| Case | Ruling | Reason |
|---|---|---|
| May one restore the lower hinge? (צִיר הַתַּחְתּוֹן) | Tanna Kamma: Mikdash: permitted · medinah: forbidden | — |
| Rabbi Yehuda: Permitted even in the medinah | — | |
| May one restore the upper hinge? (הָעֶלְיוֹן) | Tanna Kamma: Forbidden in both places | — |
| Rabbi Yehuda: Permitted in the Mikdash | — |
The whole case turns on a detail easy to miss: the door is the door of a chest — a keli — not a room. That is why it is even a question. The Tosafos Yom Tov sharpens it: the entire machlokes rides on whether the melachah of boneh (building) applies to vessels at all.
Tanna Kamma: reset the lower hinge in the Mikdash — the upper one still holds the door, so it is an easy fix, not real boneh. The upper hinge is forbidden everywhere (kan v'kan asur): without it the door drops, so reseating it is boneh, or you would hammer it home — makeh b'patish, the finishing blow that completes a vessel. R' Yehuda goes a step further (upper in the Mikdash, lower anywhere) on the principle ein boneh b'keilim — no building applies to vessels — so the act is rabbinic at most, and ein shvus baMikdash; with the kohanim mezarzim, scrupulously careful, no decree is imposed there.
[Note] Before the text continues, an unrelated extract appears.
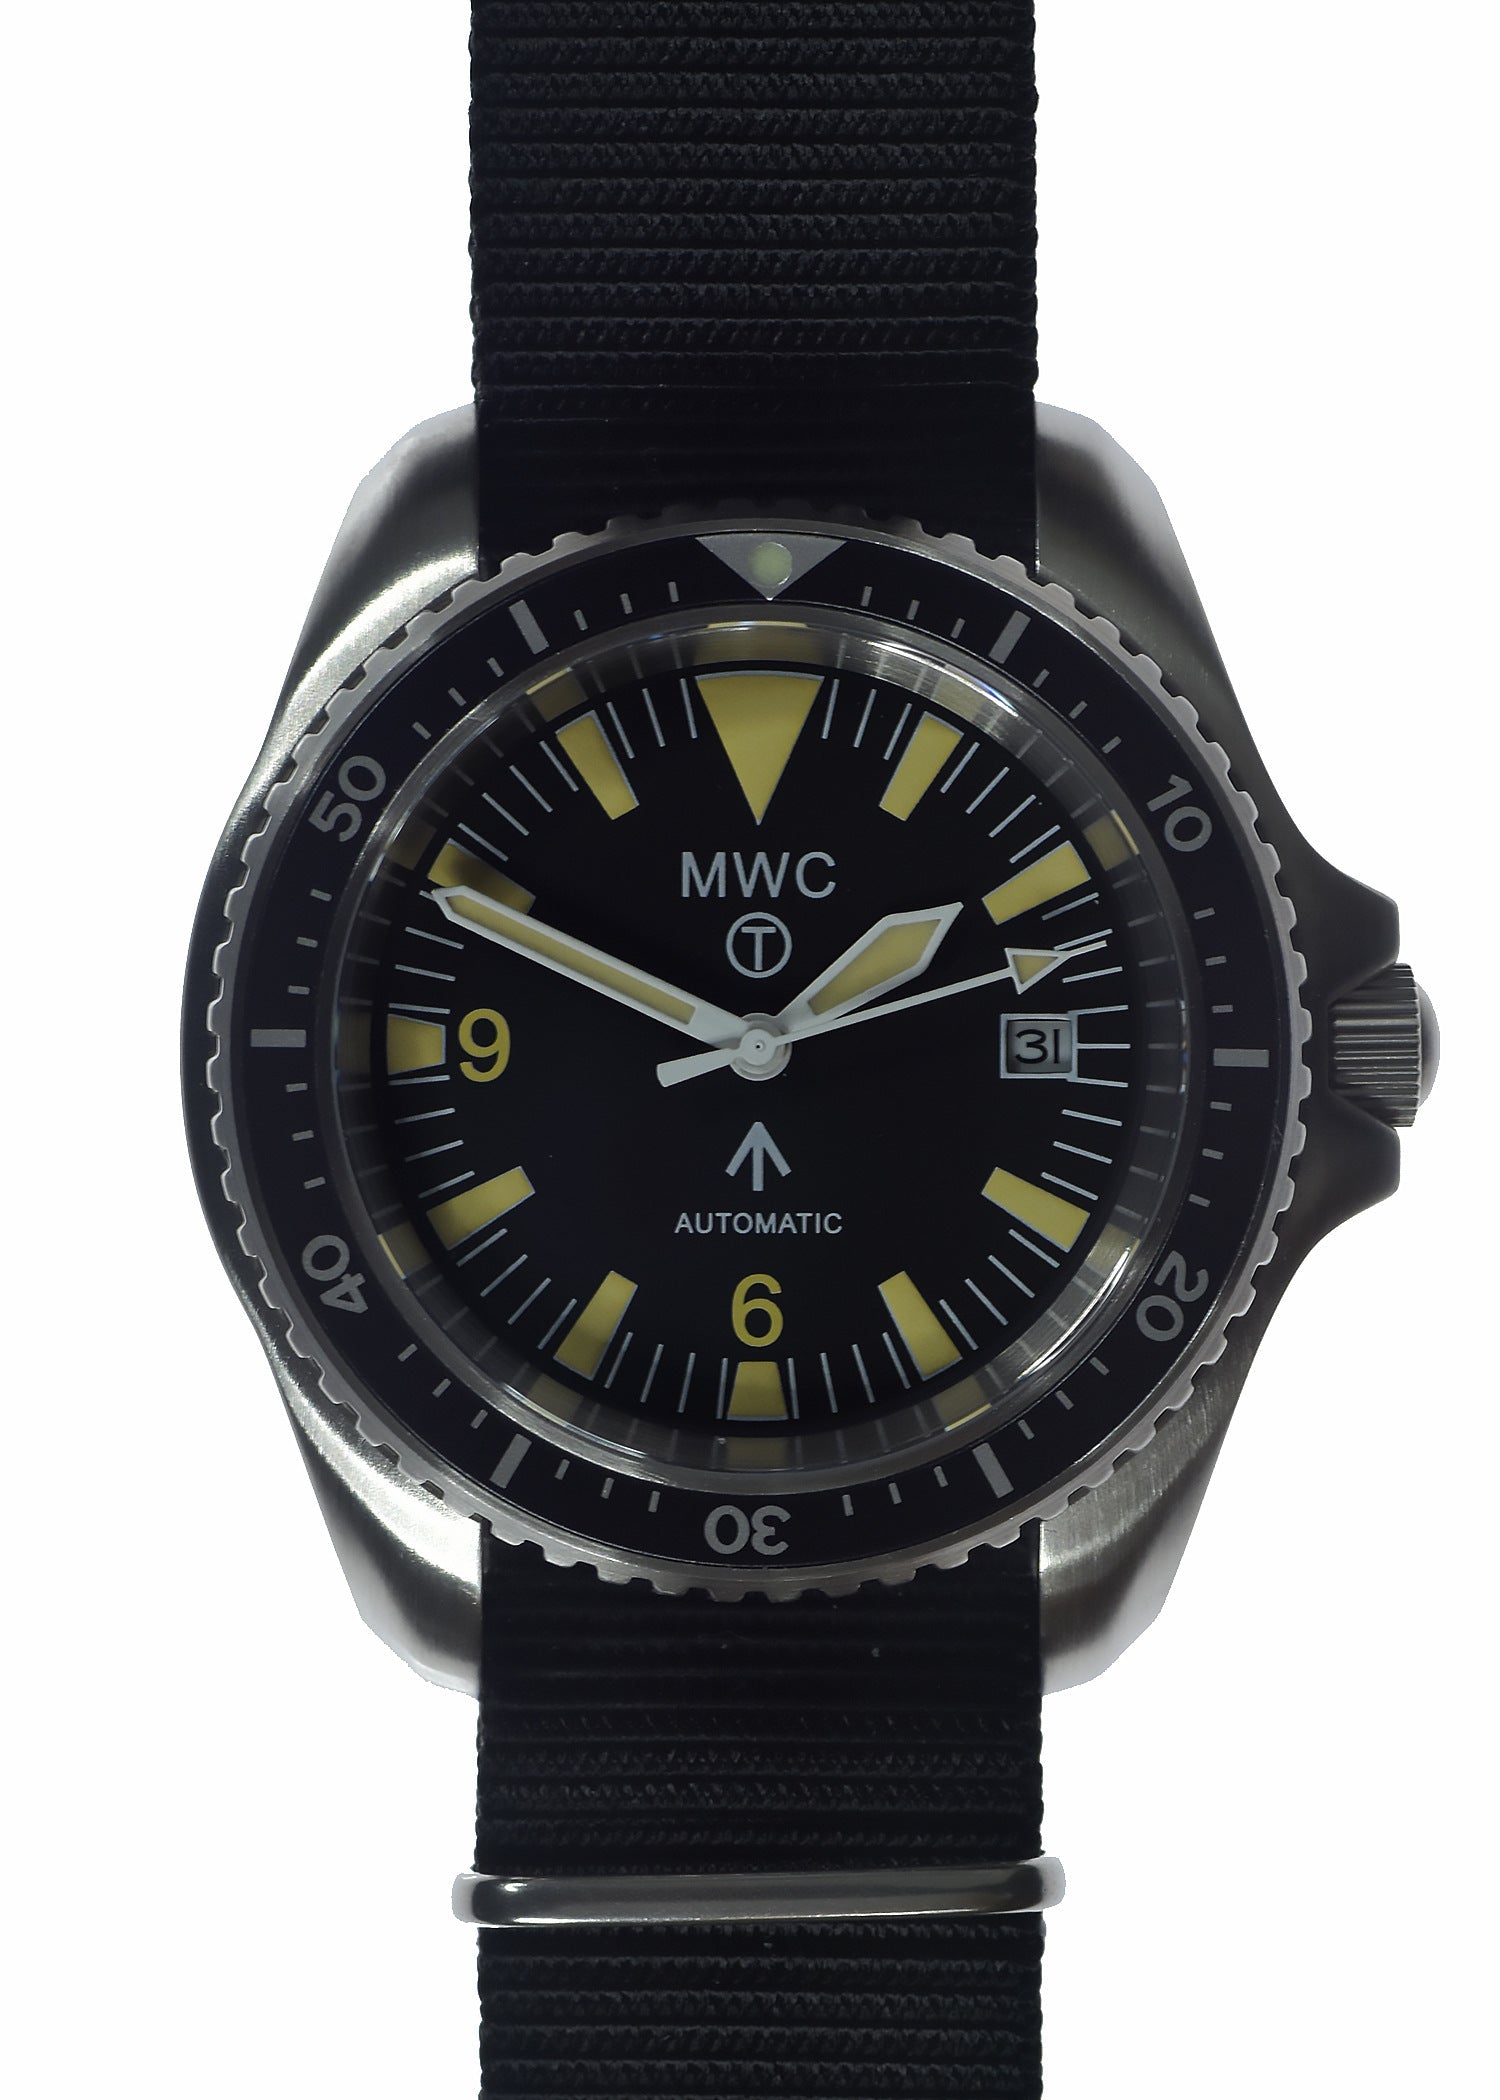 MWC Watches-1999-2001 300m Diver pvd - YouTube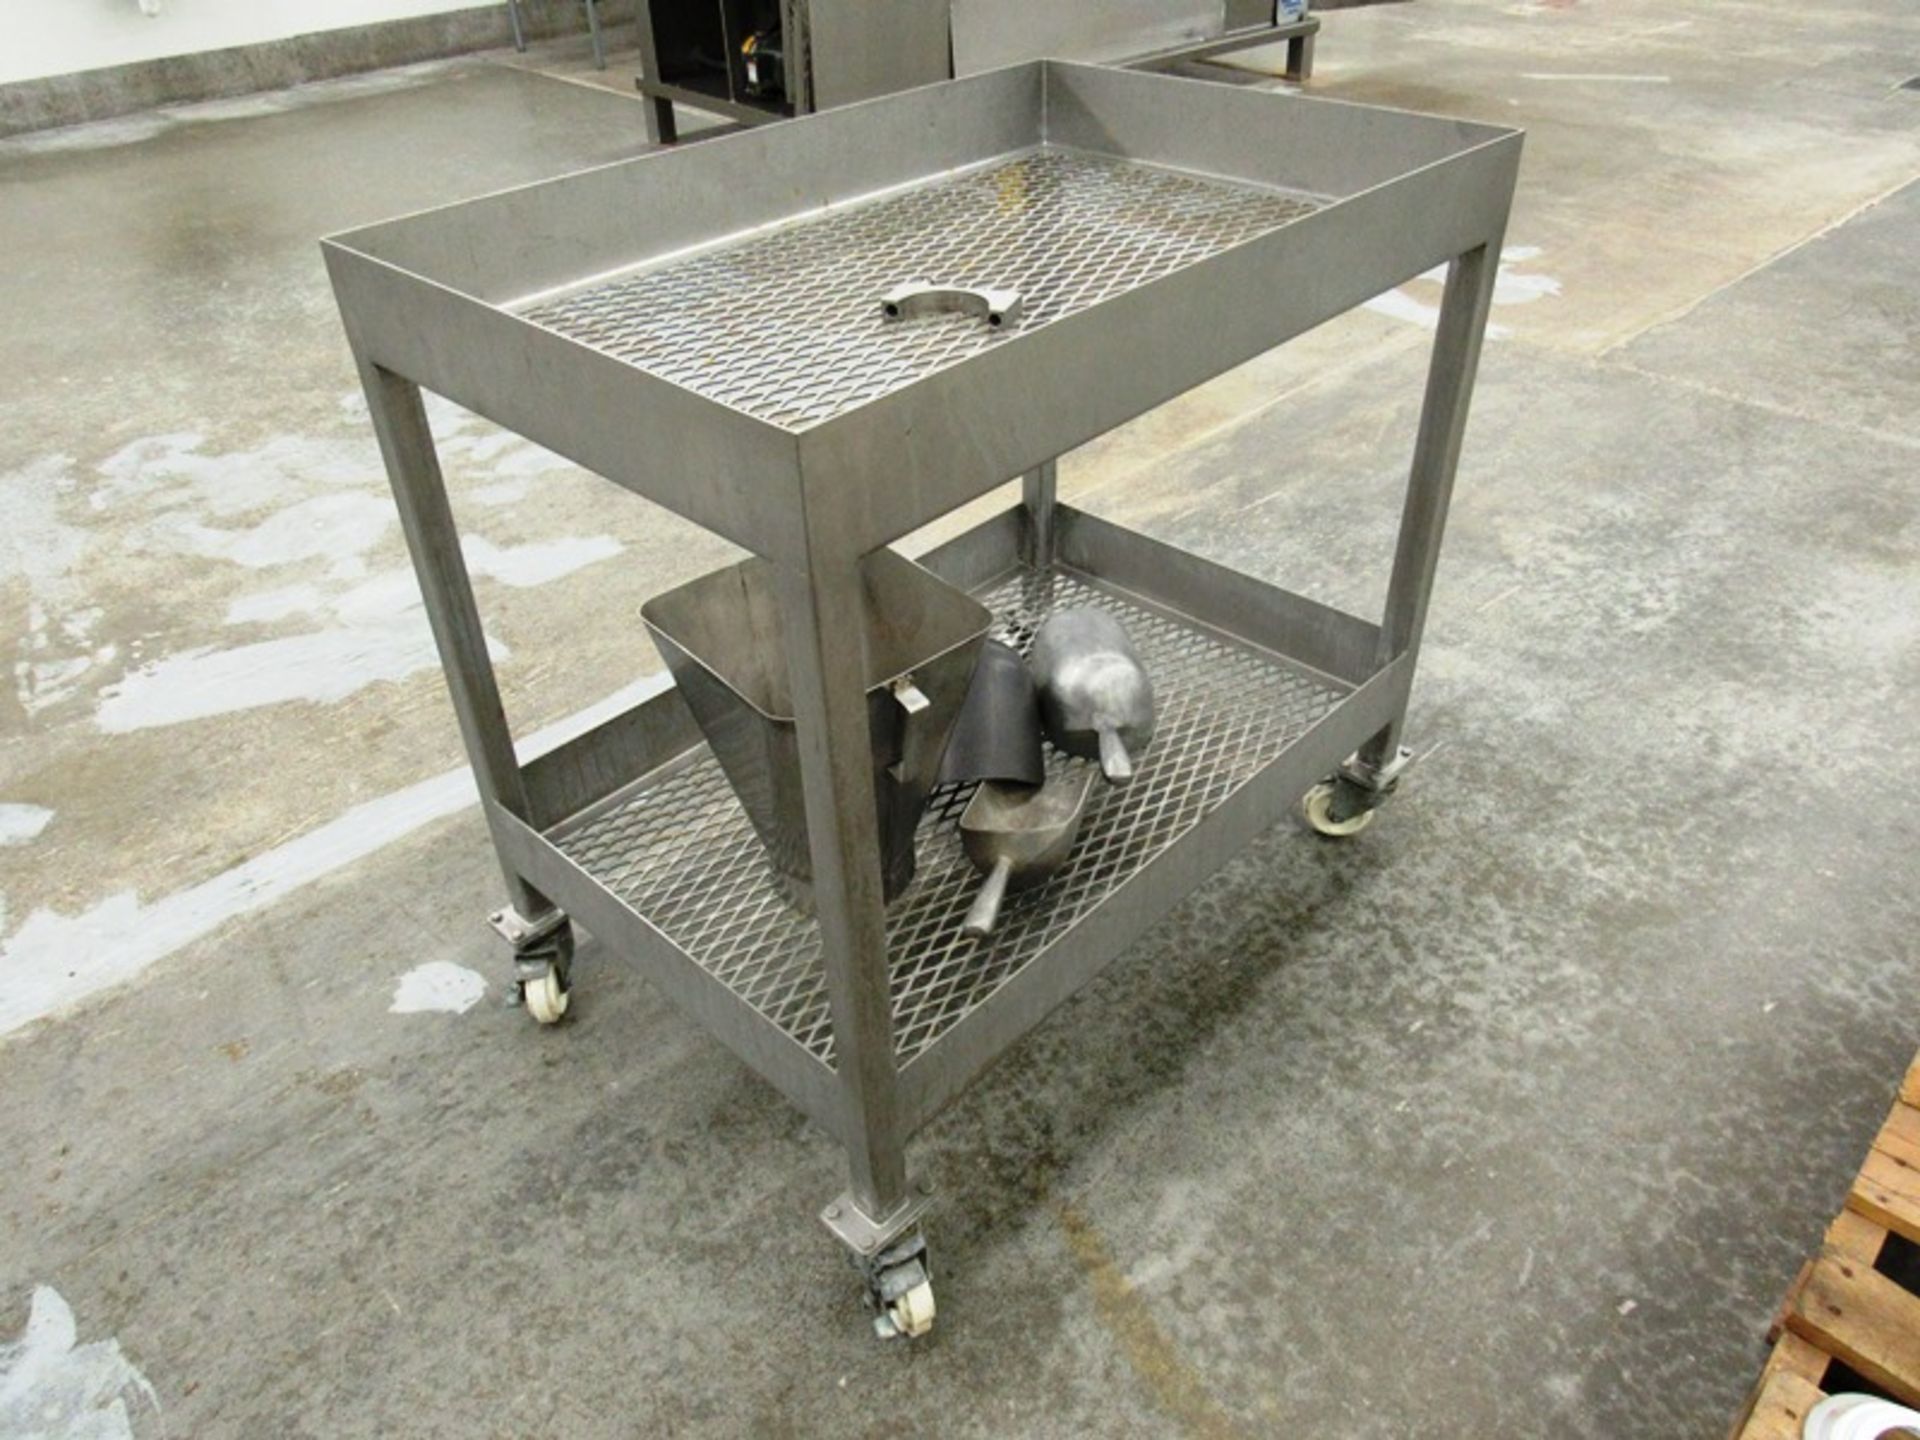 Stainless Steel Cart, 24" W X 36" L X 35" T (Removal Begins July 5th) Loading Fee $35 Rigger: Norm - Bild 2 aus 2

A tzir was a pin turning in a socket bored top and bottom; the door pivoted on it. The lower pin sat under the door's weight and could be eased back once the upper one held; the upper pin, bearing the leaf, was the hard one to reseat — which is exactly the line the mishnah draws.
This belongs to the series’ closing set on a single principle — ein shvus b’Mikdash: the rabbinic Shabbos restrictions (shvus) that bind everywhere yield inside the Beis HaMikdash. The reason the series draws out is trust — the Kohanim, serving before the Sanhedrin, are assumed zealous enough not to slip into a biblical violation. This mishnah sets the principle in place; the ones beside it press on how far it reaches.